Żużel. Decyzja zapadła! Wiemy, co z przyszłością Orła na Moto Arenie

Materiały prasowe / MAKiS / www.makis.pl / Na zdjęciu: stadion Orła Łódź
Materiały prasowe / MAKiS / www.makis.pl / Na zdjęciu: stadion Orła Łódź

Bardzo długo trzeba było czekać na oficjalne komunikaty w sprawie przyszłości sportu żużlowego na Moto Arenie w Łodzi. W czwartek podczas konferencji prasowej przekazano, że czarny sport zostaje w obecnym miejscu.

Trudne jest życie kibica Klubu Żużlowego Orzeł Łódź. Najpierw nie było wiadomo czy klub przystąpi do rozgrywek, bowiem Witold Skrzydlewski zamierzał go sprzedać. I choć jacyś chętni byli, to nie doszło do podpisania umowy z żadnym z kandydatów na rolę prezesa. Ostatecznie "za pięć dwunasta" zdecydowano się zbudować skład, choć działacz już wcześniej podkreślał, że wszystkie dokumenty licencyjne zostaną złożone w odpowiednim czasie.

Kiedy wydawało się, że w Łodzi sytuacja się uspokoiła, to pojawiły się kolejne problemy. Chodziło o obiekt, bowiem zainteresowanie jego wynajem lub długotrwałą dzierżawę dla Drift Masters Grand Prix. Spółka chciała utworzyć Europejskie Centrum Driftu. Orzeł był zainteresowany wieloletnią umową na dzierżawę stadionu z opcją pierwokupu w przyszłości.

Ostatecznie na Moto Arenie Łódź samochody wyścigowe się nie pojawią. W czwartek poinformowano, że stadion budowany z myślą o żużlu nadal będzie domem dla Orła Łódź. Umowa została zawarta na trzy lata.
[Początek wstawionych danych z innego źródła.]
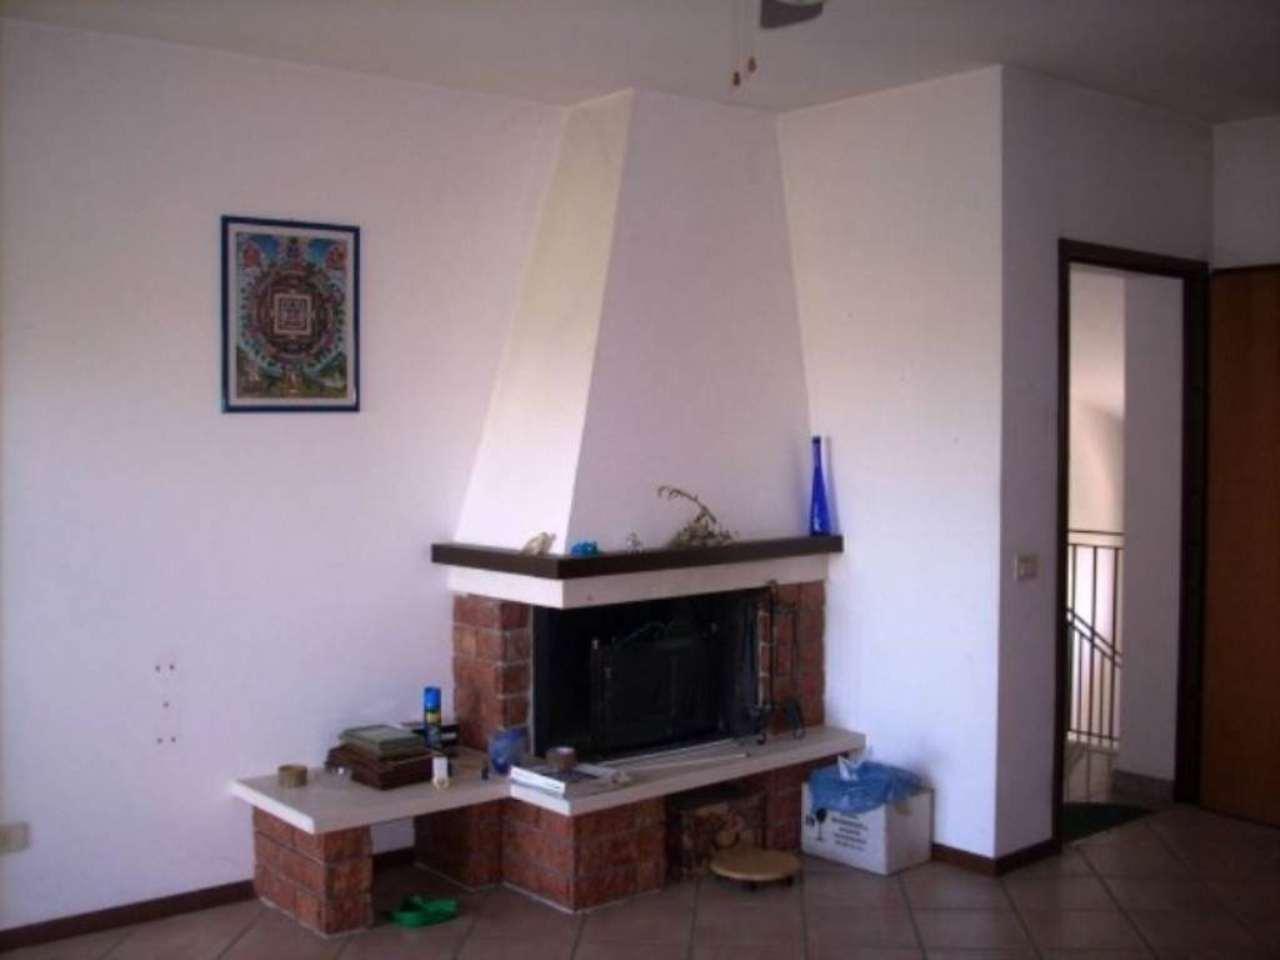 Appartamento in vendita a Mozzanica, 3 locali, prezzo € 100.000 | CambioCasa.it
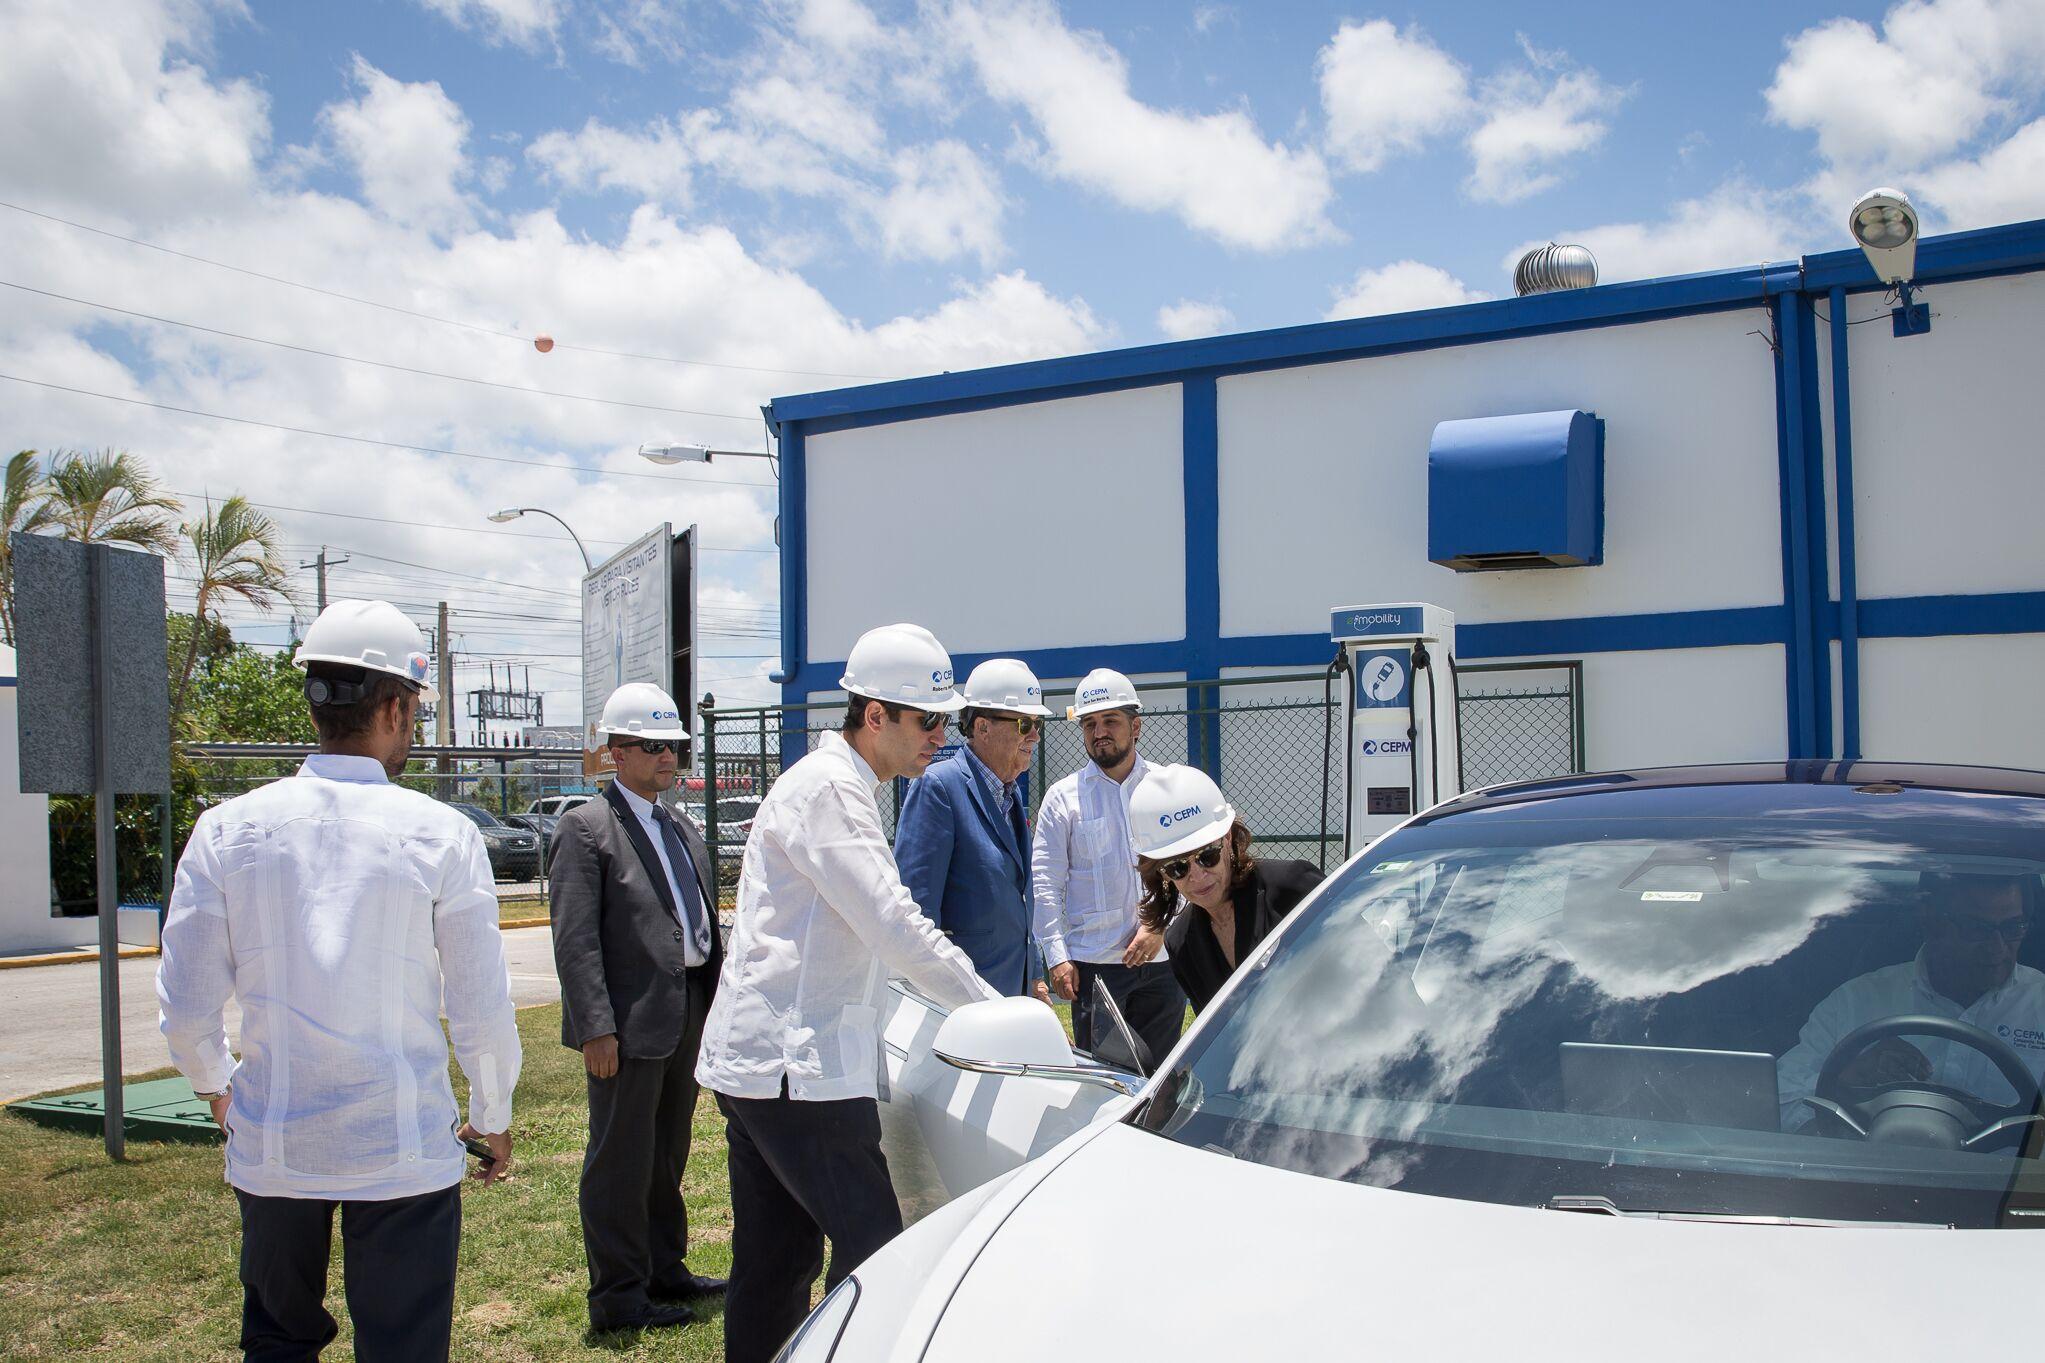 Embajadora de Estados Unidos visita instalaciones de CEPM en Bávaro

To dobra informacja dla ośrodka z Metalkas 2. Ekstraligi, który w nowym składzie nie tylko zawodniczym, ale i w zarządzie klubu (dołączyli Jan Konikiewicz i Jakub Zborowski) oraz z nowym-starym menedżerem Januszem Ślączką może skupić się już wyłącznie na sprawach sportowych.

ZOBACZ WIDEO: Stal czeka kryzys? "Nie będzie nas stać na tak wysokie kontrakty"

Komentarze (0)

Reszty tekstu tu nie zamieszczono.